- **Data supplied**:
★ ★ ★ ★
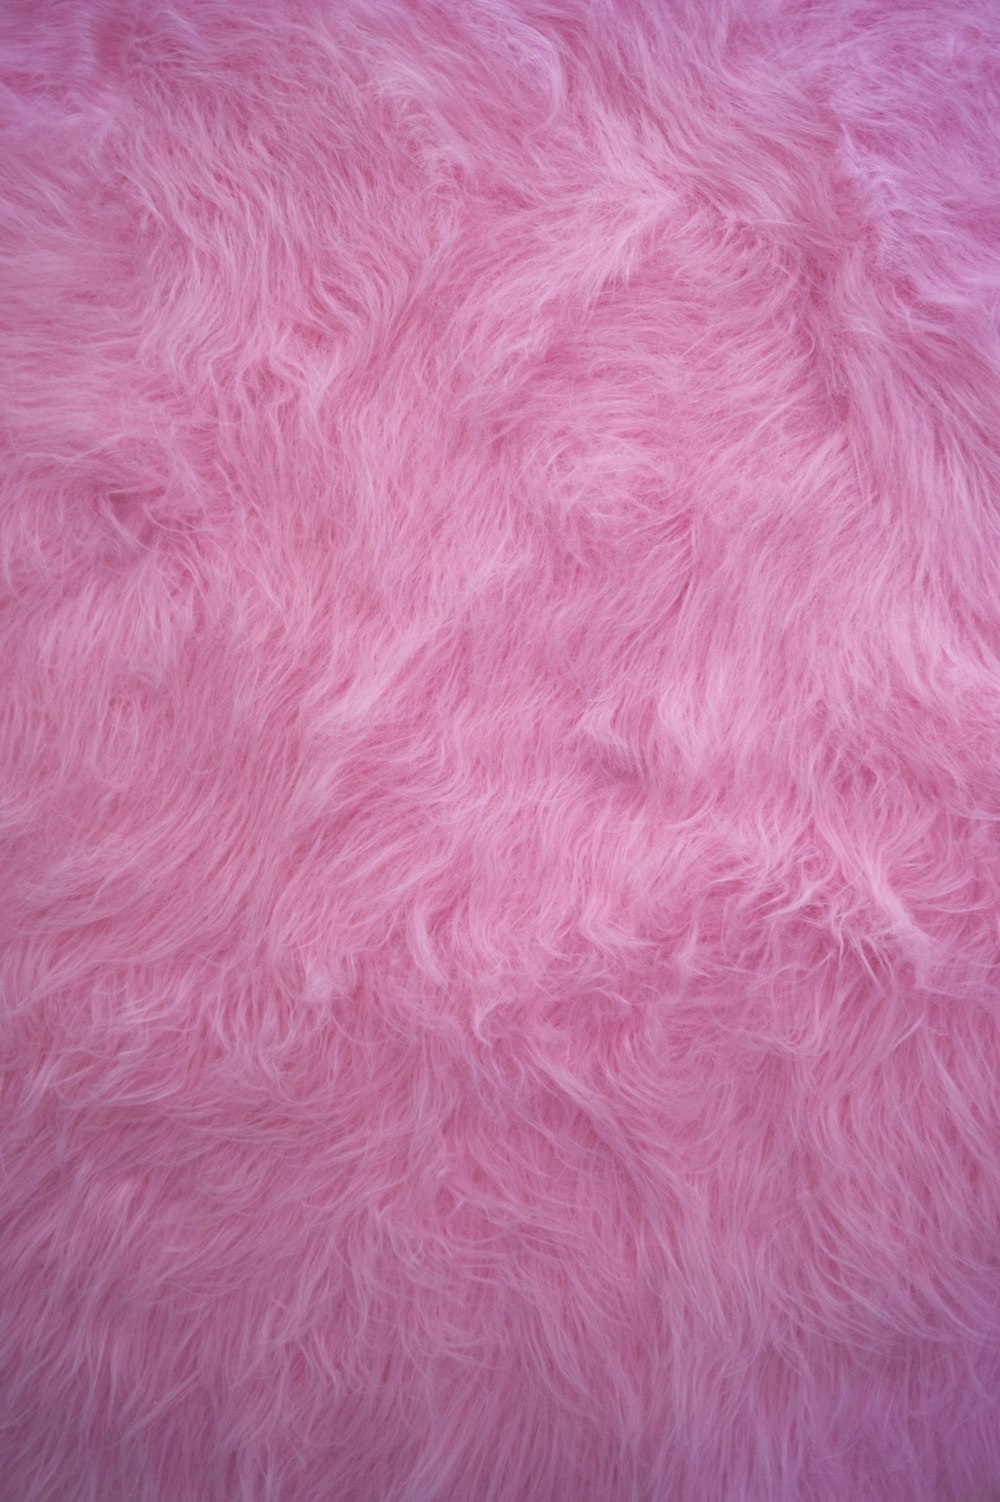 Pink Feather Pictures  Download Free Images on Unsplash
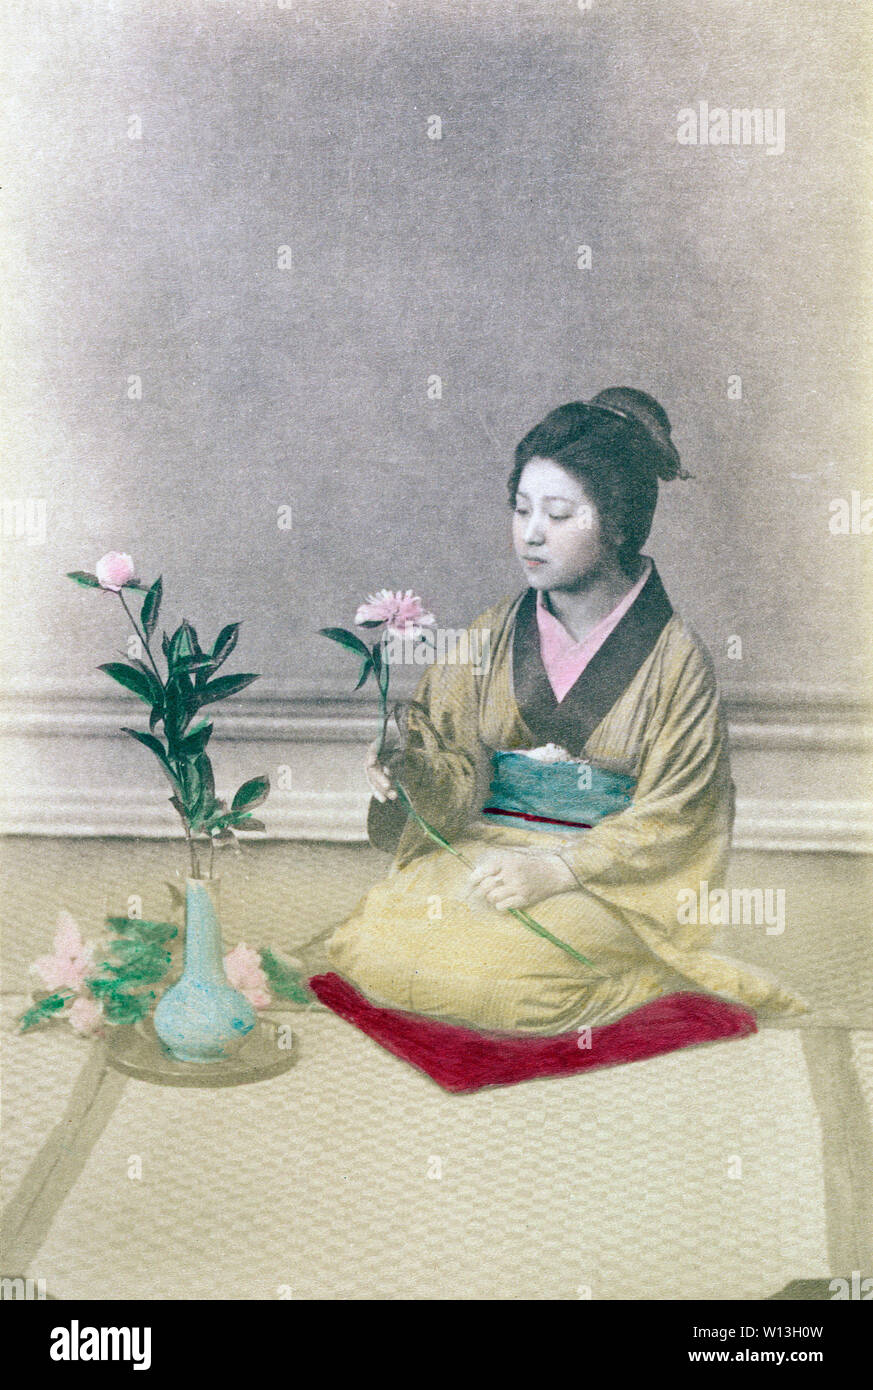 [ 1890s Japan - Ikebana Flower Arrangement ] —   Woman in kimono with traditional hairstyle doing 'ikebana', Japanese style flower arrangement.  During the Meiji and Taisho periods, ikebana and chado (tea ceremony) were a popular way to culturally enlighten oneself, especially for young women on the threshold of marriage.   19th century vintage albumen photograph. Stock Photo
★ ★ ★ ★
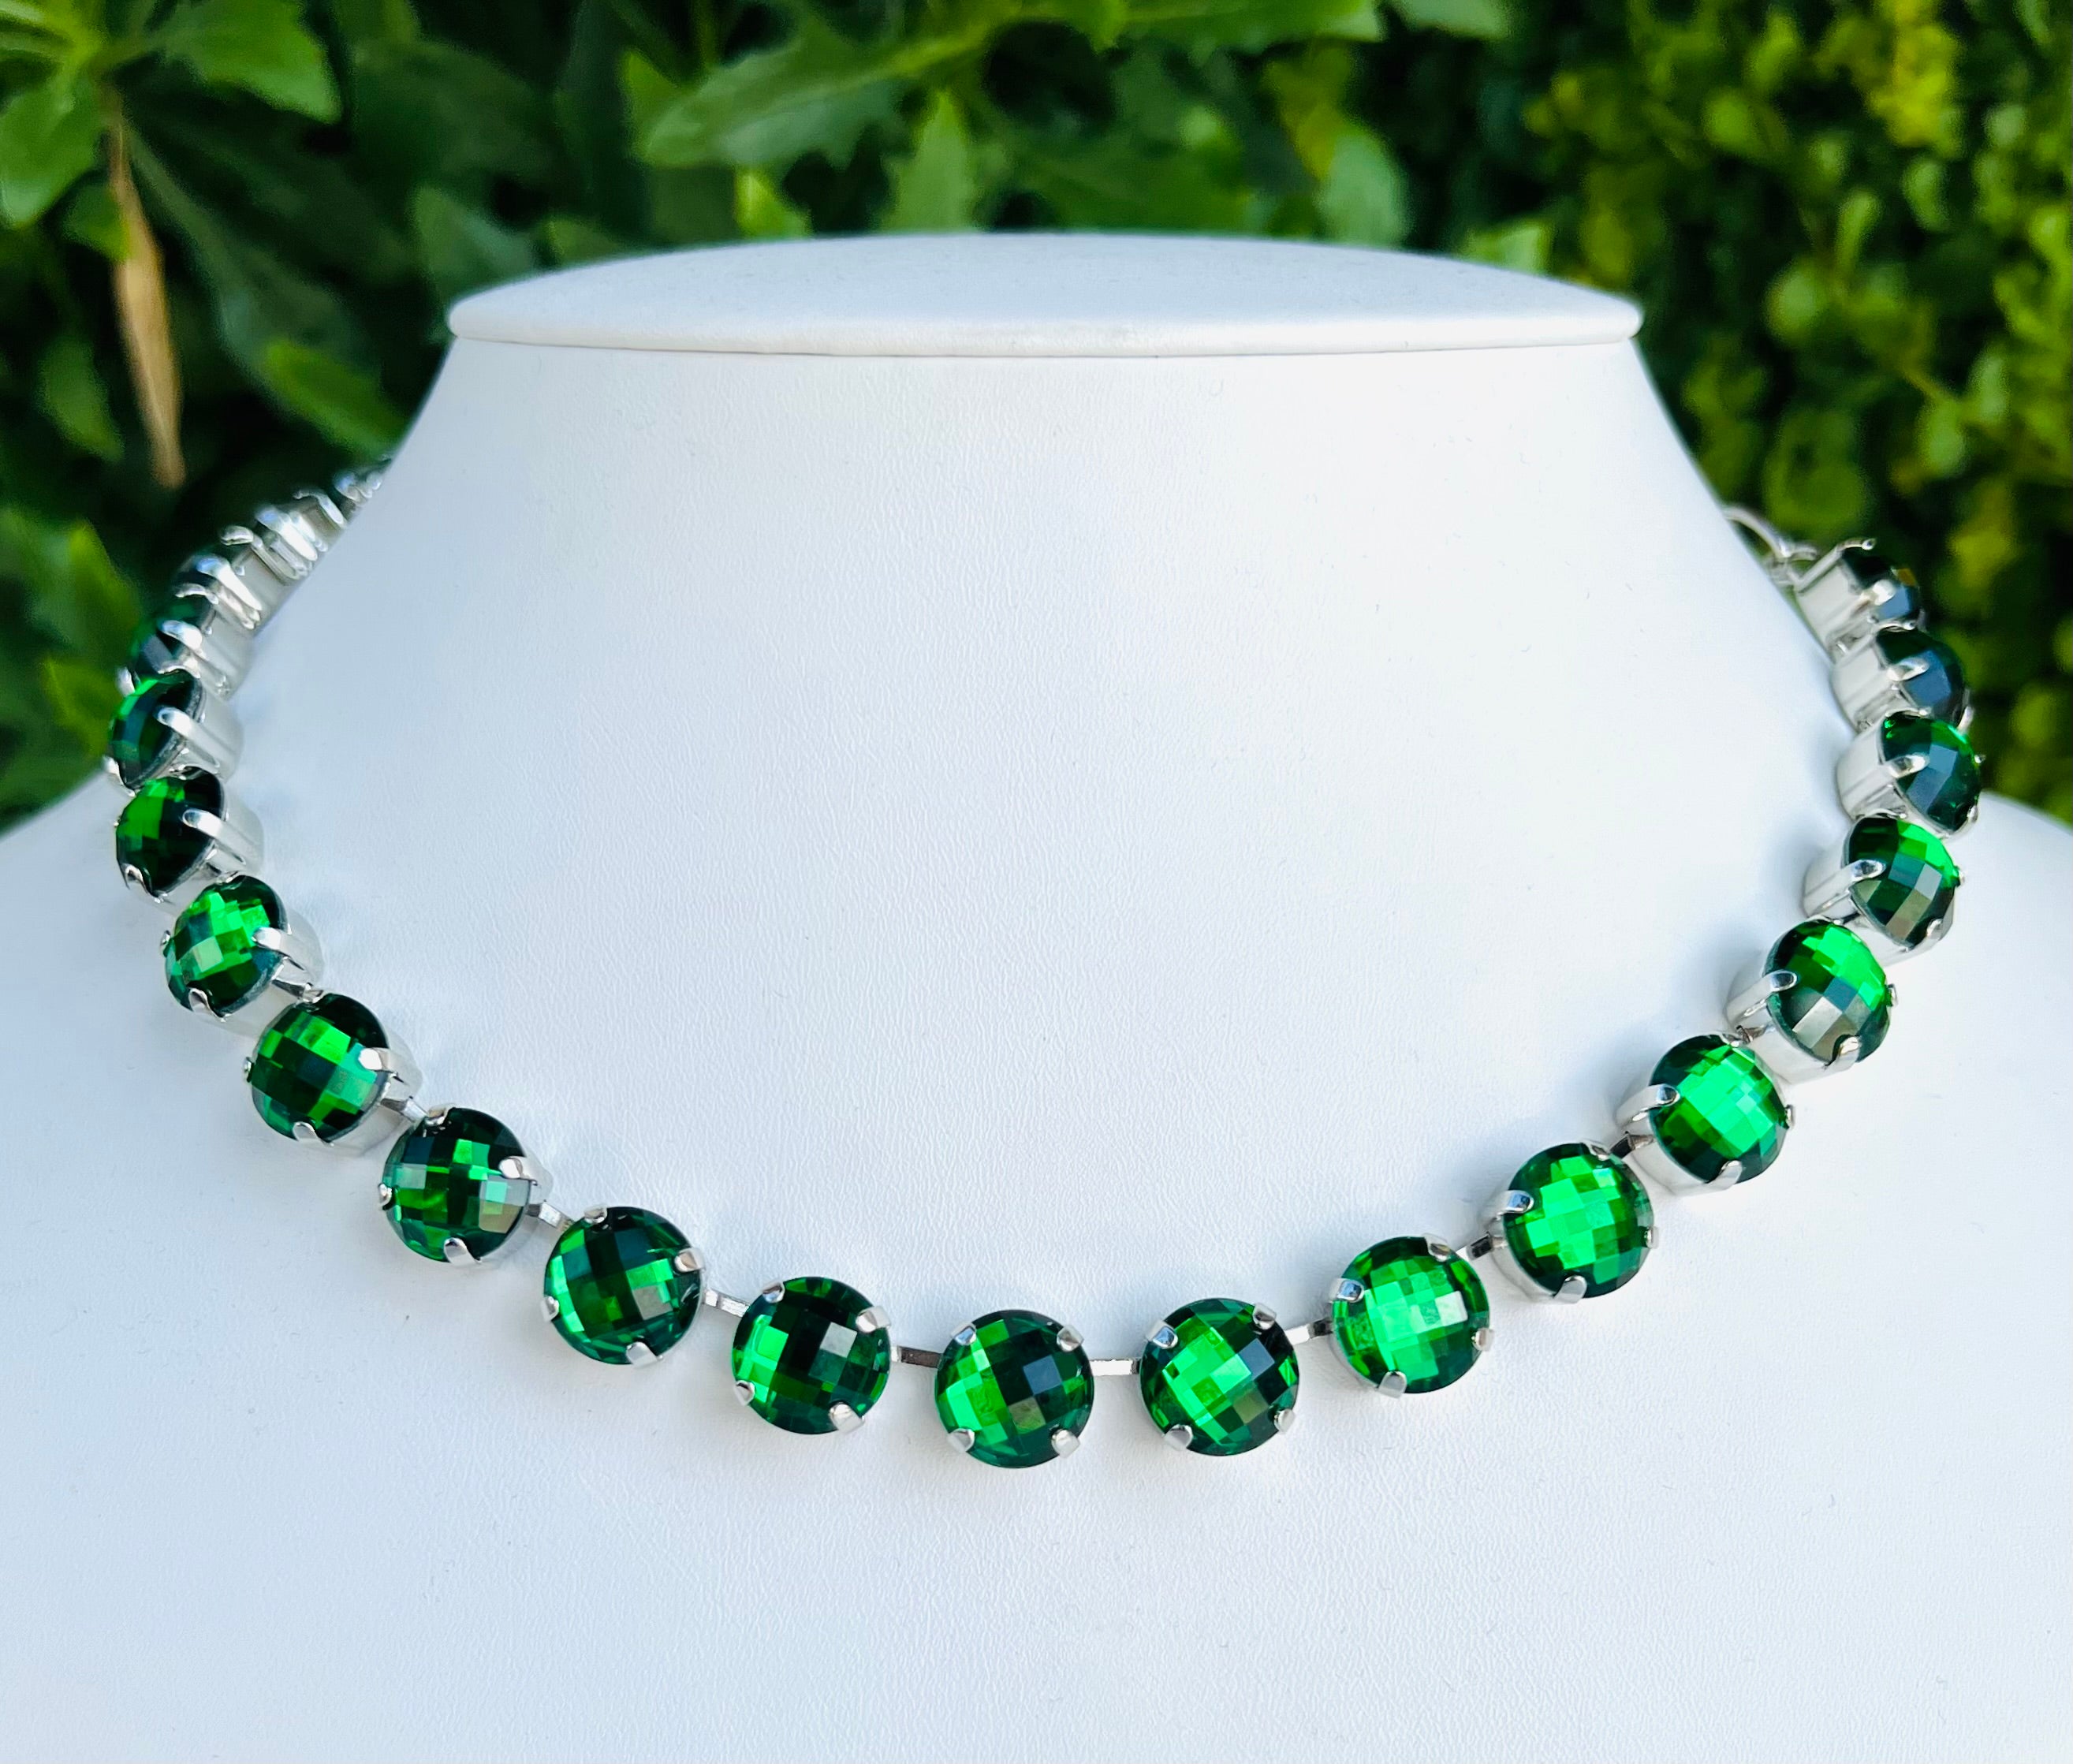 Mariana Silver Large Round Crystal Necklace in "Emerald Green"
★ ★ ★ ★
Above are some records. Reproduce the lines from the one with "Pink Feather Pictures" down to the one with "[ 1890s Japan", keeping both, and leave every picture out.

 Pink Feather Pictures  Download Free Images on Unsplash
 [ 1890s Japan - Ikebana Flower Arrangement ] —   Woman in kimono with traditional hairstyle doing 'ikebana', Japanese style flower arrangement.  During the Meiji and Taisho periods, ikebana and chado (tea ceremony) were a popular way to culturally enlighten oneself, especially for young women on the threshold of marriage.   19th century vintage albumen photograph. Stock Photo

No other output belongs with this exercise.